Task
Every line of the material below needs to be copied exactly; omit the pictures.

Supplied information
# # # # #
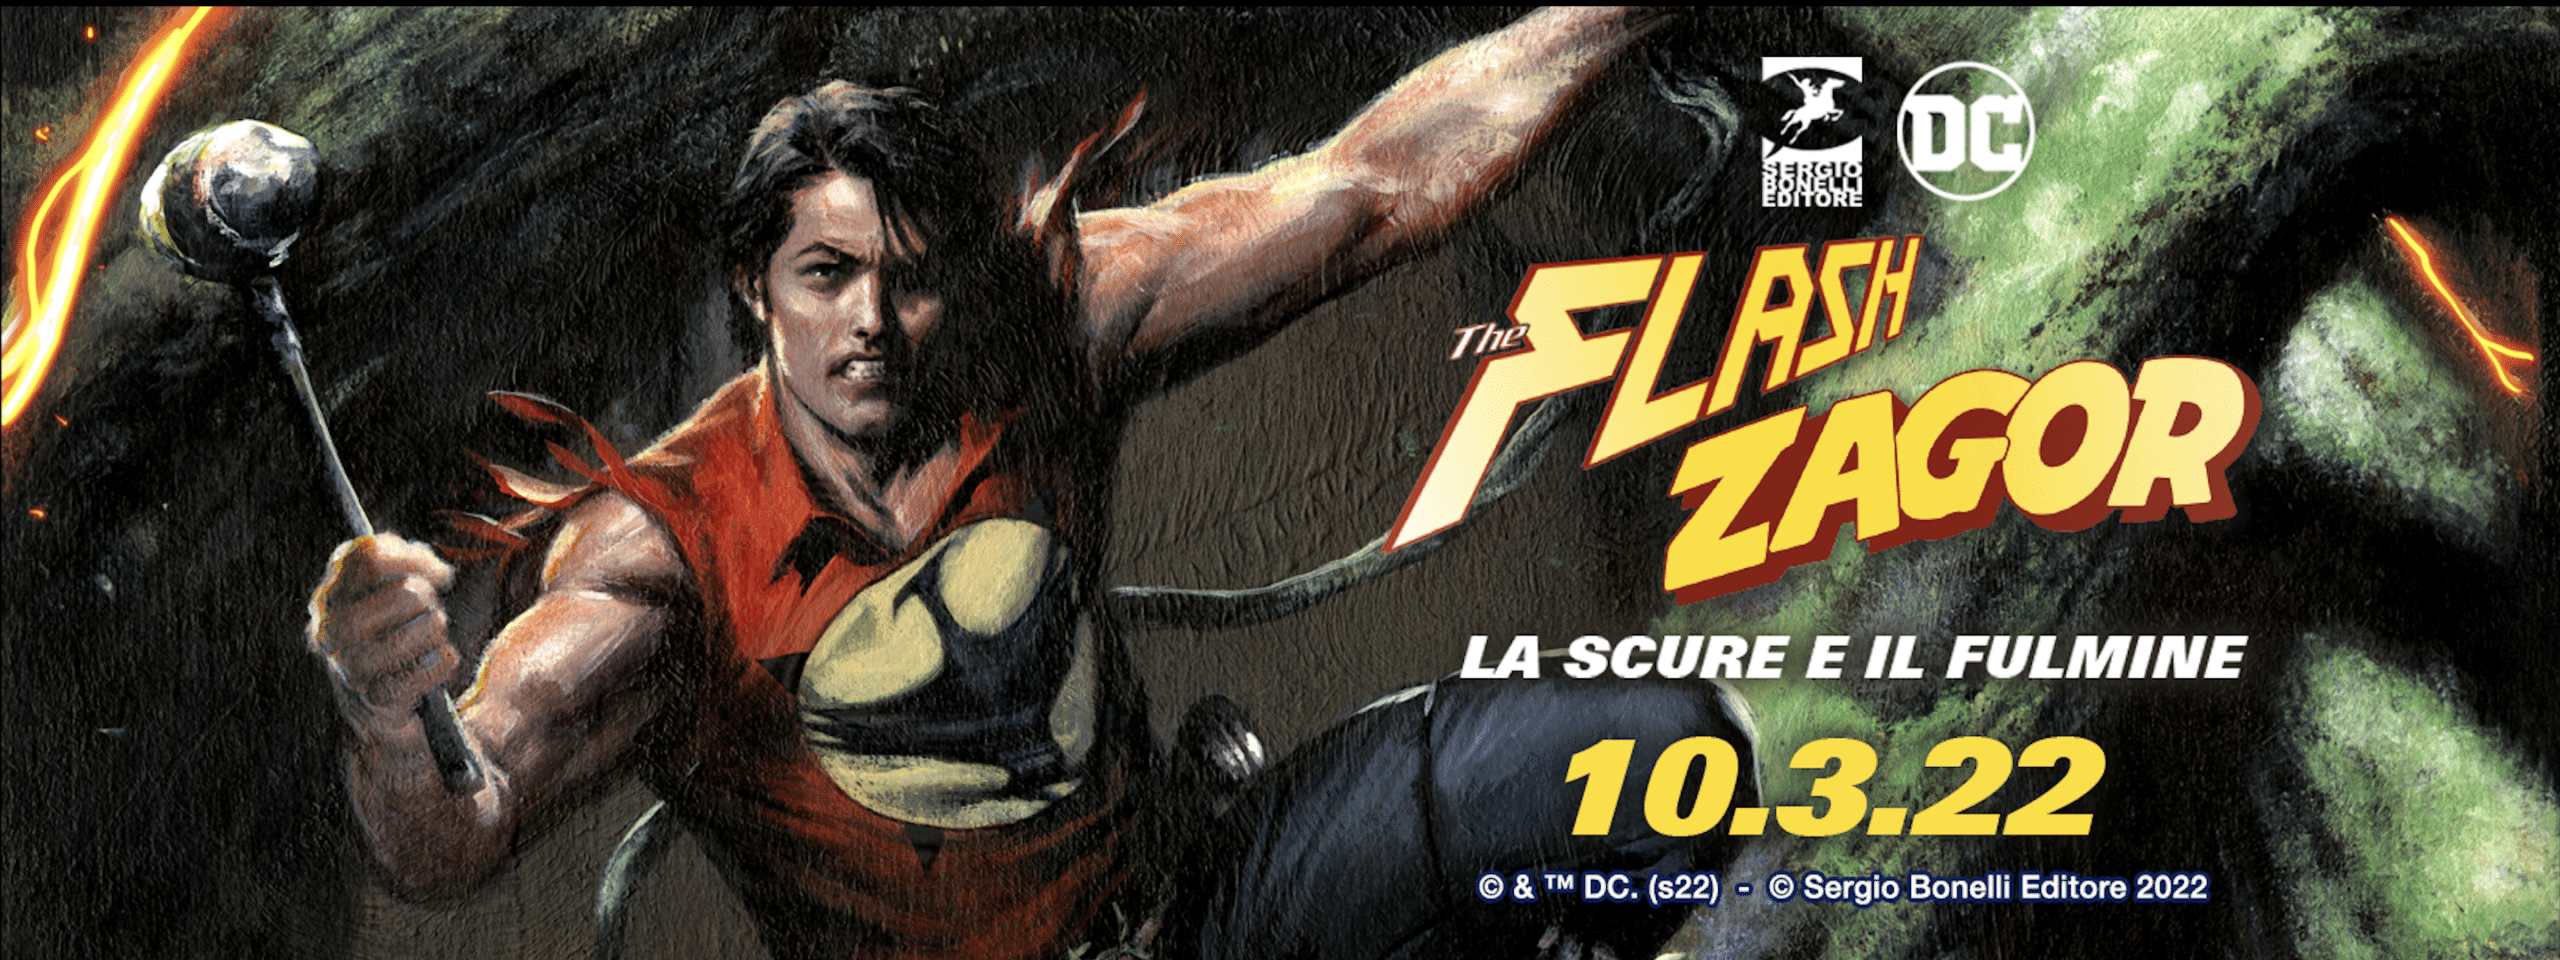 L’incontro tra Flash e Zagor  in un nuovo volume cartonato a colori thumbnail
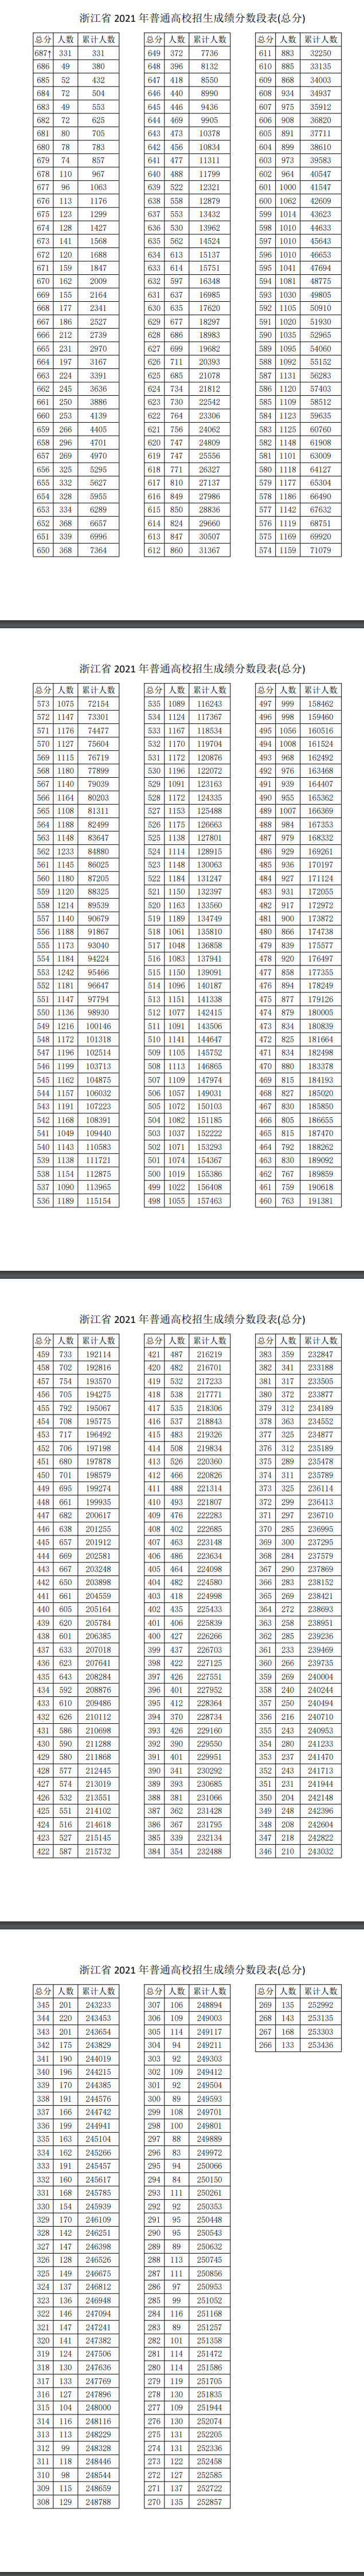 浙江高考一分一段公布表2022
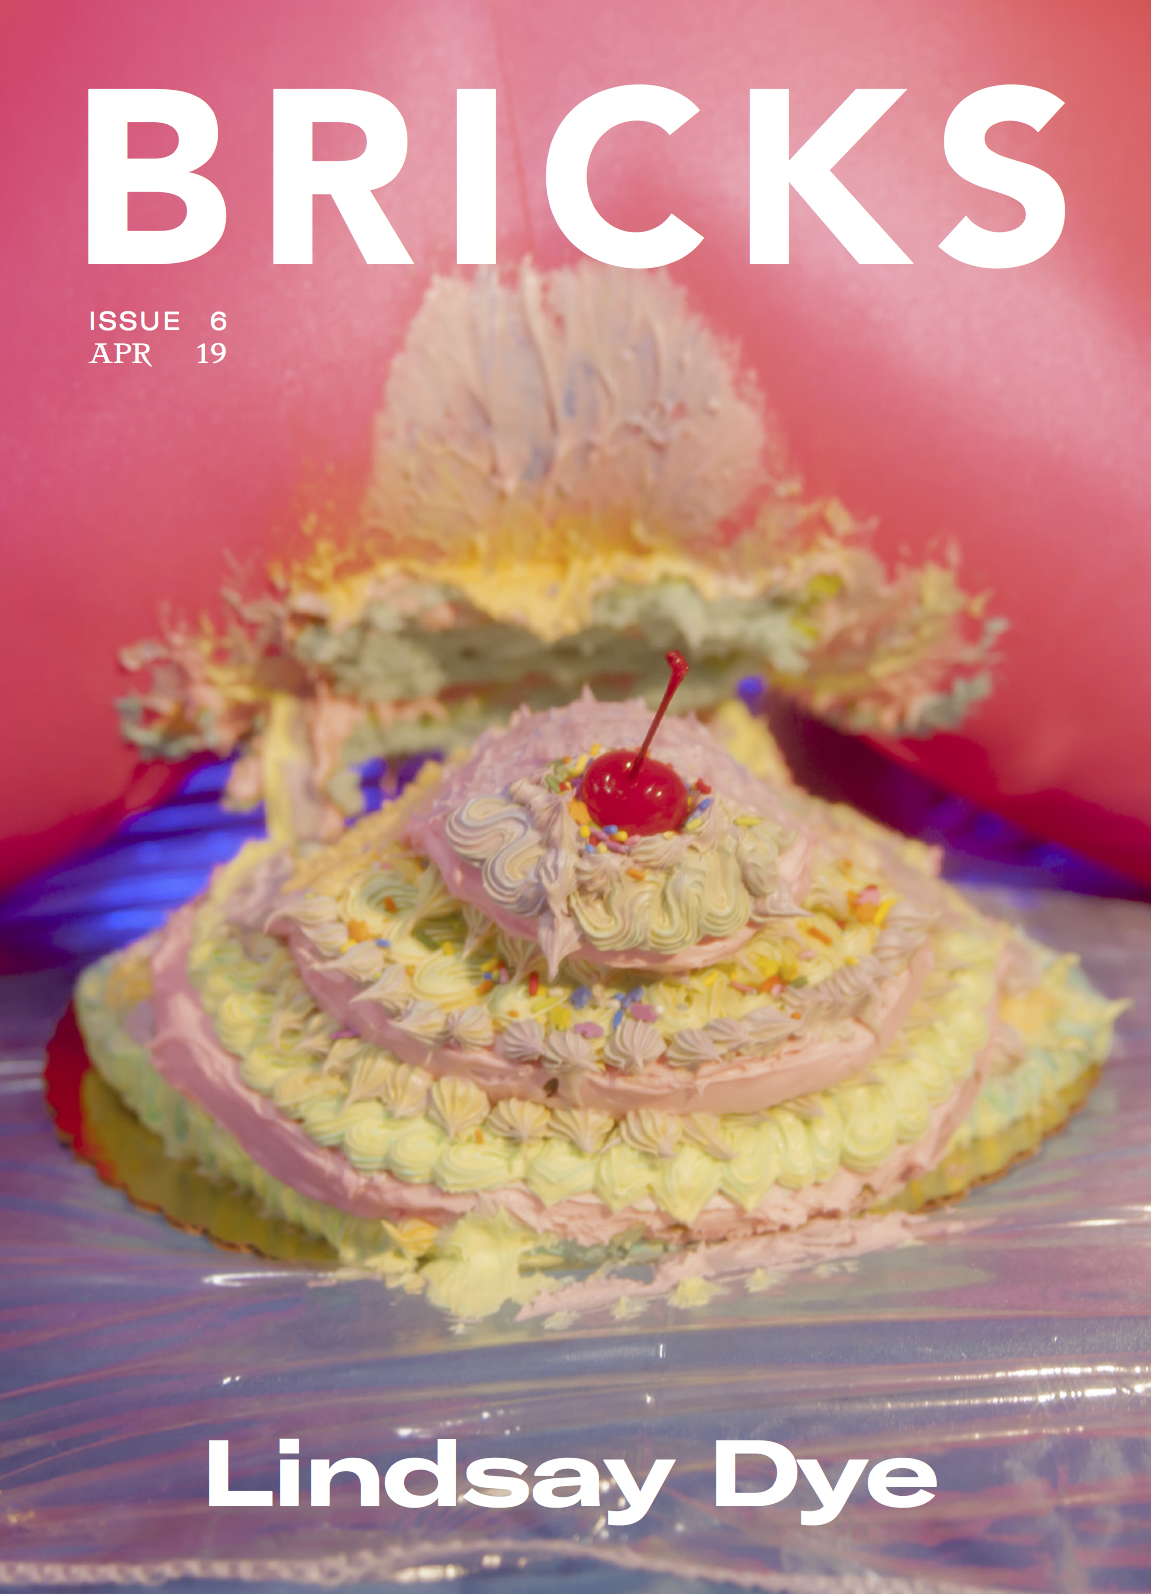  Lindsay Dye for Bricks Magazine Cover Story, 2019.   
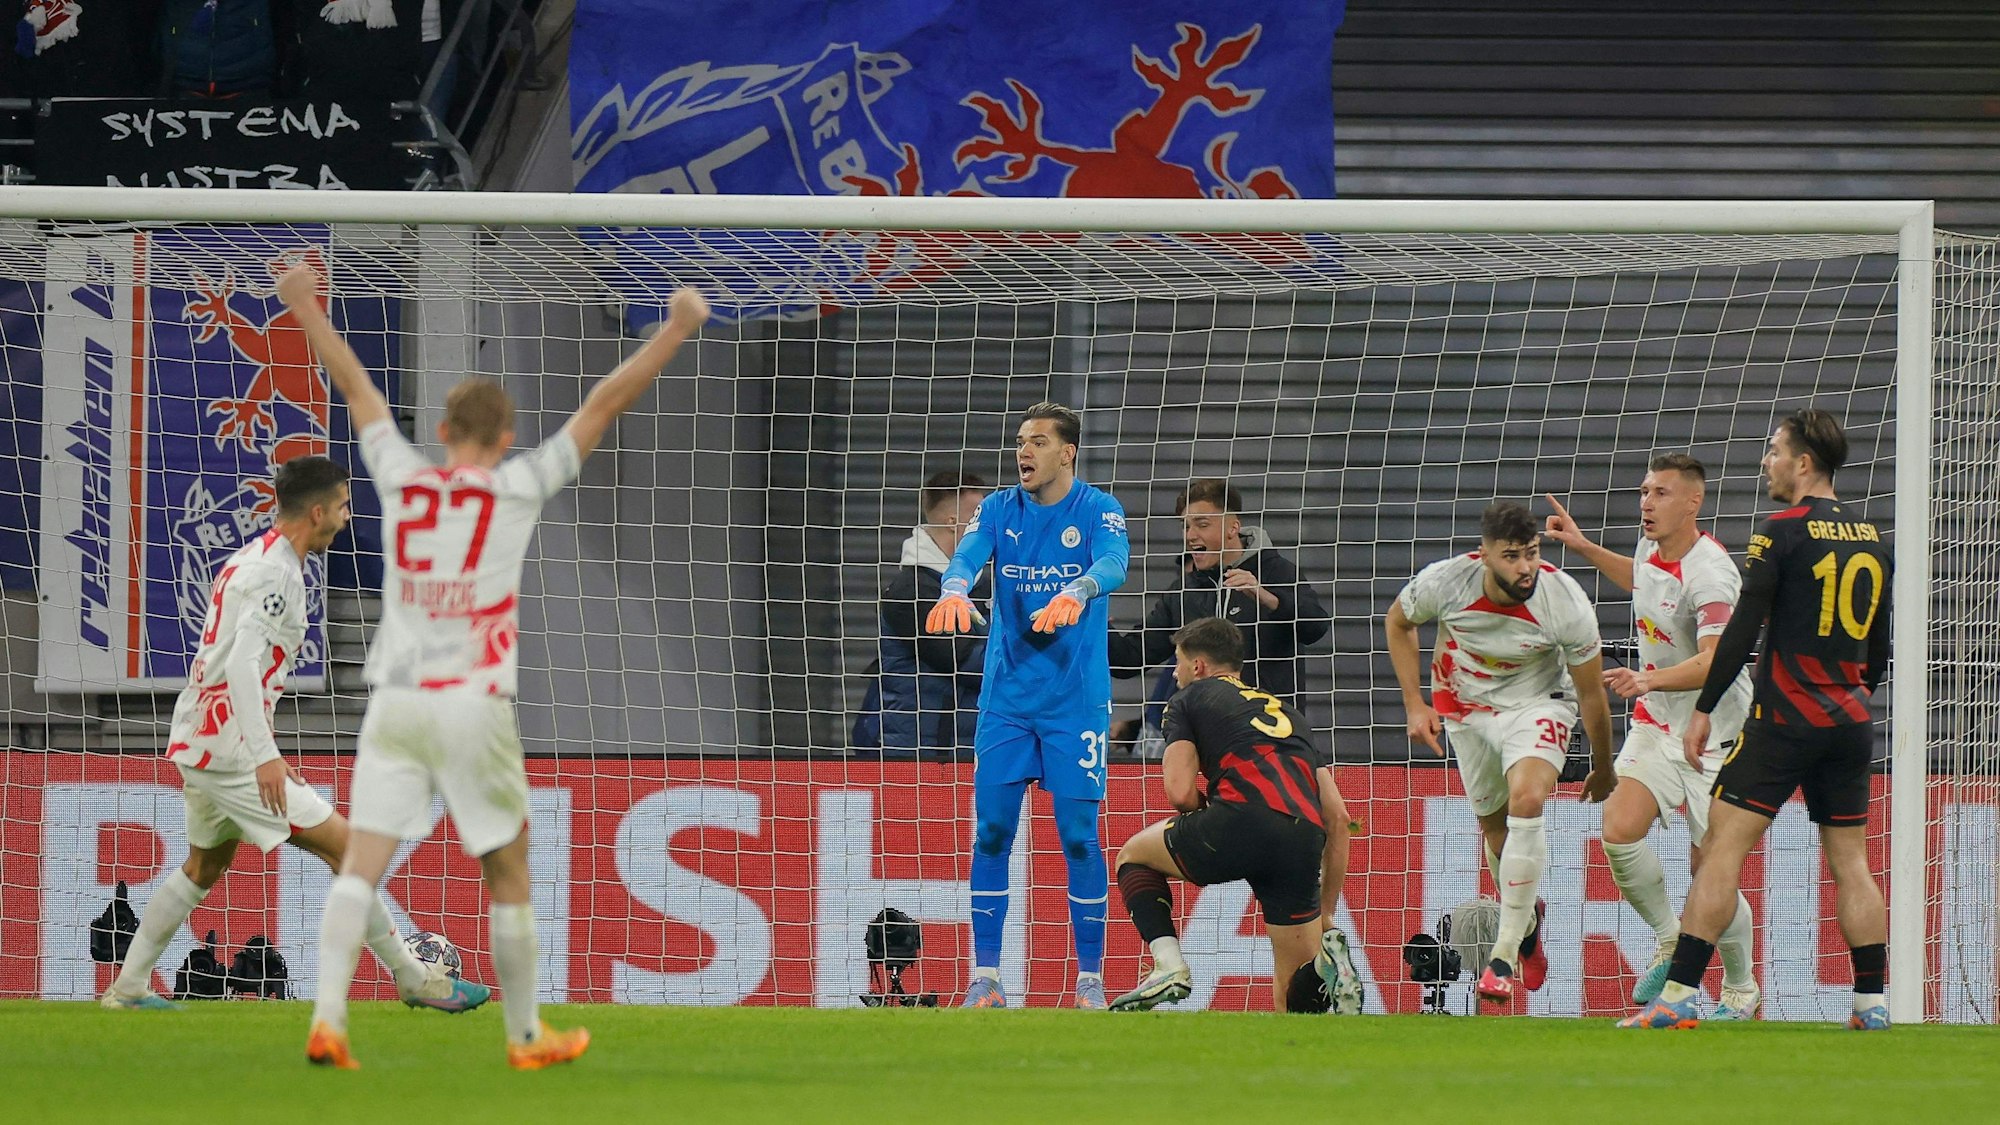 RB Leipzig jubelt gegen Manchester City über den 1:1-Ausgleich, der vor dem Rückspiel in der Champions League alles offen hält.
# # # # #
Task output
 L’incontro tra Flash e Zagor  in un nuovo volume cartonato a colori thumbnail
 浙江高考一分一段公布表2022
  Lindsay Dye for Bricks Magazine Cover Story, 2019.   
 RB Leipzig jubelt gegen Manchester City über den 1:1-Ausgleich, der vor dem Rückspiel in der Champions League alles offen hält.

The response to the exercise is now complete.